それを騎士の口から聞くまで、分かっていたつもりだった。
自分達を襲って来た暴漢に手を下した騎士が浴びた返り血を、恐ろしいと思ってしまったジャスミン。
戦争の規模は、そんなものじゃない。比べる事自体が間違っているけれど、本質は似たようなものだ。

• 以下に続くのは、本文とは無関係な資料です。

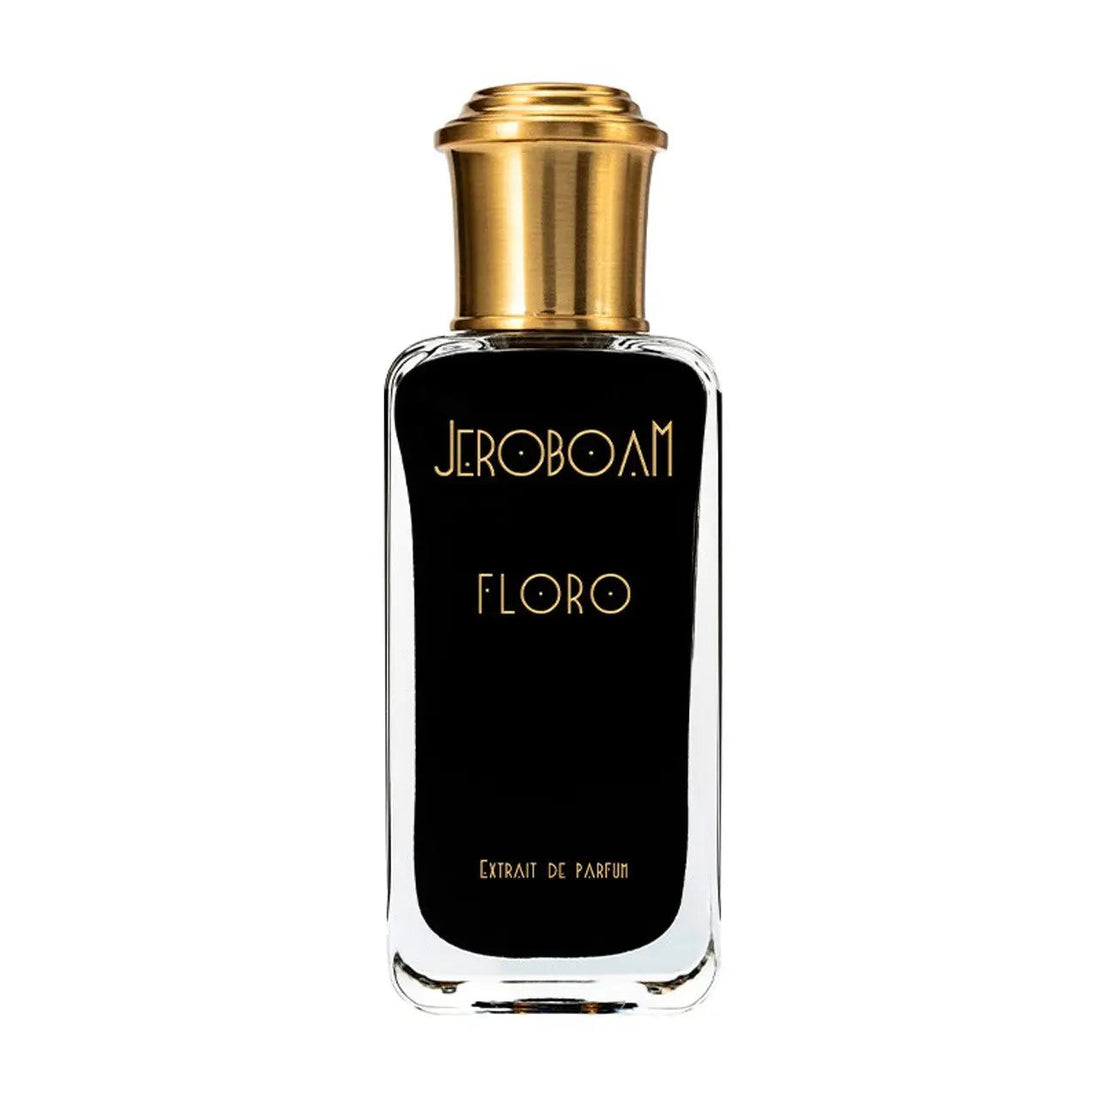 Jeroboam Floro Perfume Extract - 30 ml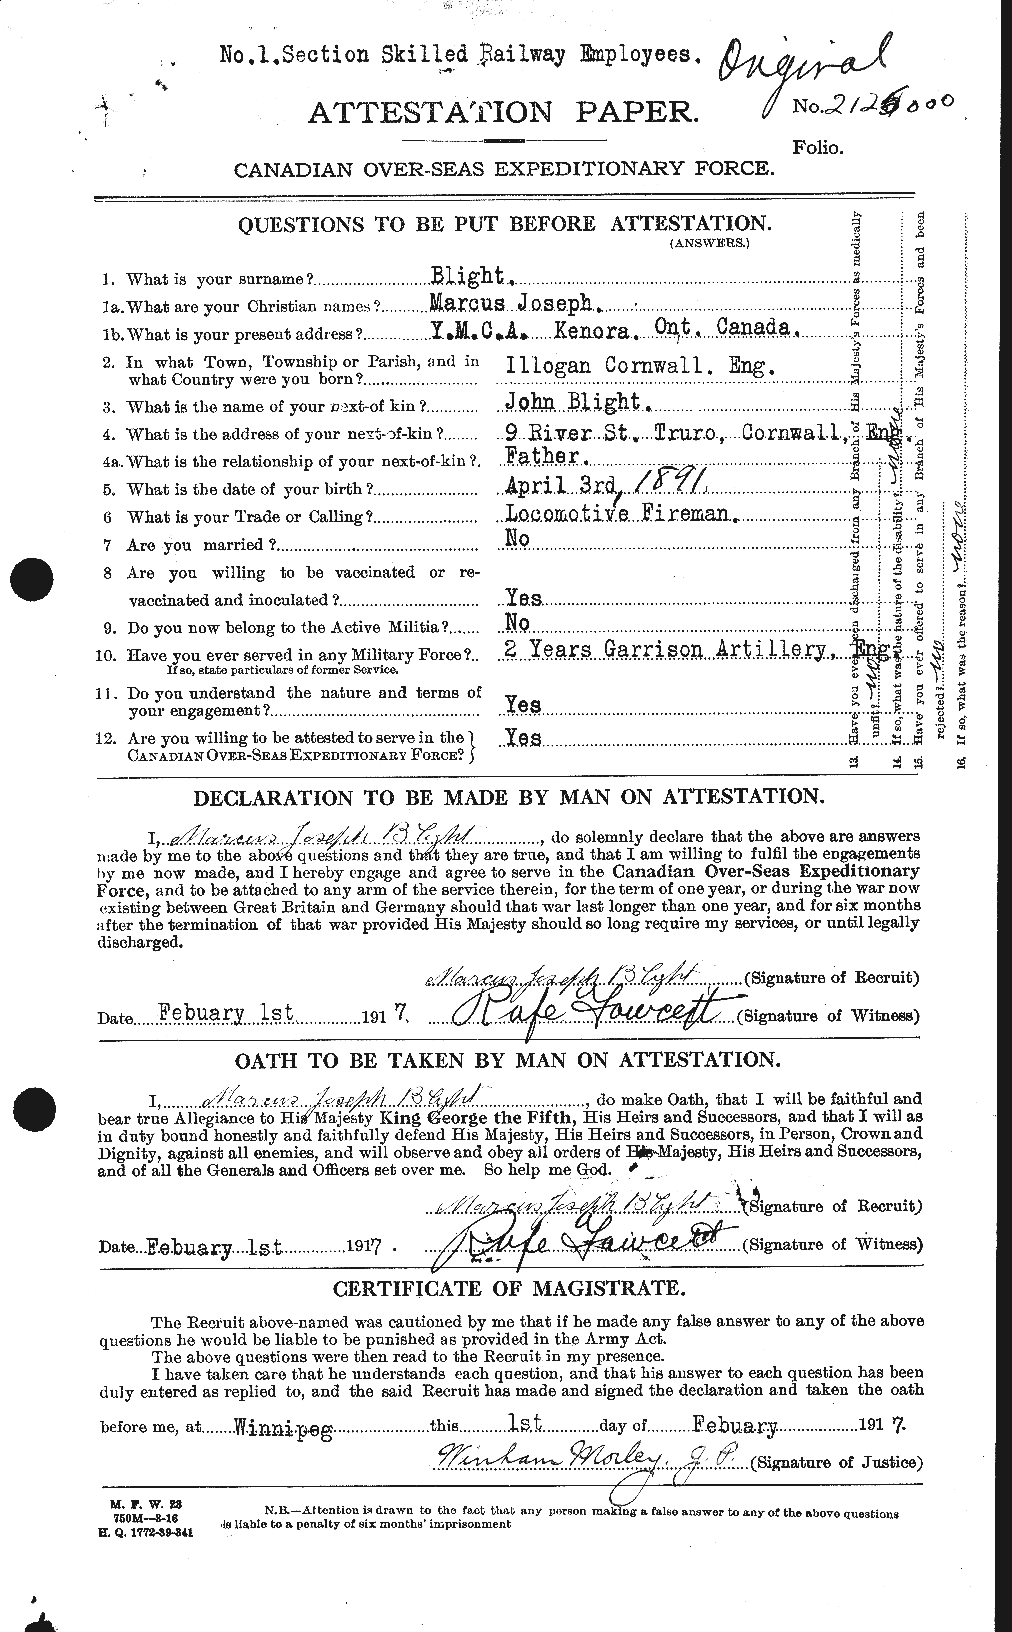 Dossiers du Personnel de la Première Guerre mondiale - CEC 248090a

「分かって、います。あの二人は、私欲で誰かをどうこうしようって人たちじゃない。そんな人達だったら、私達だって食い物にされてたでしょう」
城下で居場所を作ってくれた、優しく呑気な夫婦。あの二人の庇護下でなくともジャスミンは生きられるけれど、ユイルアルトはそうじゃなかった。でも恩義を感じているのはユイルアルトだけではない。
帰りたい、と思う。
あの酒場はうるさいけれど、楽しくて。懐いてくれる可愛い双子もいて、アルギンの側で働くのも悪くないな、と思っている。これまで必死で隠そうとしていた、隠し切れない裏事情を追求しなければいけないし。
「少し、怖かっただけです。フィヴィエルさんに、申し訳ないです。私を守る為に武器を振るって、全力で逃げてくれたのに、私は失礼な態度を取ってしまって」
「大丈夫だよ、フィヴィエルも気にしてないよ。悪いって思うなら、明日から普通に振舞ってやって」
ジャスミンの茶色の髪を撫でるソルビット。形通りに掌を滑らせていると、ジャスミンの瞳が疲労と眠気でとろんとなり始める。
今日は休息に入るべきだ。他に何の用があろうと、起きていてはならない。体も心も、疲労は休息でしか癒えない。
自分の寝床に寝に入るジャスミンを、ソルビットは最後まで見守っていた。他の面々も眠りにつくが、最後まで起きていたのはソルビットだった。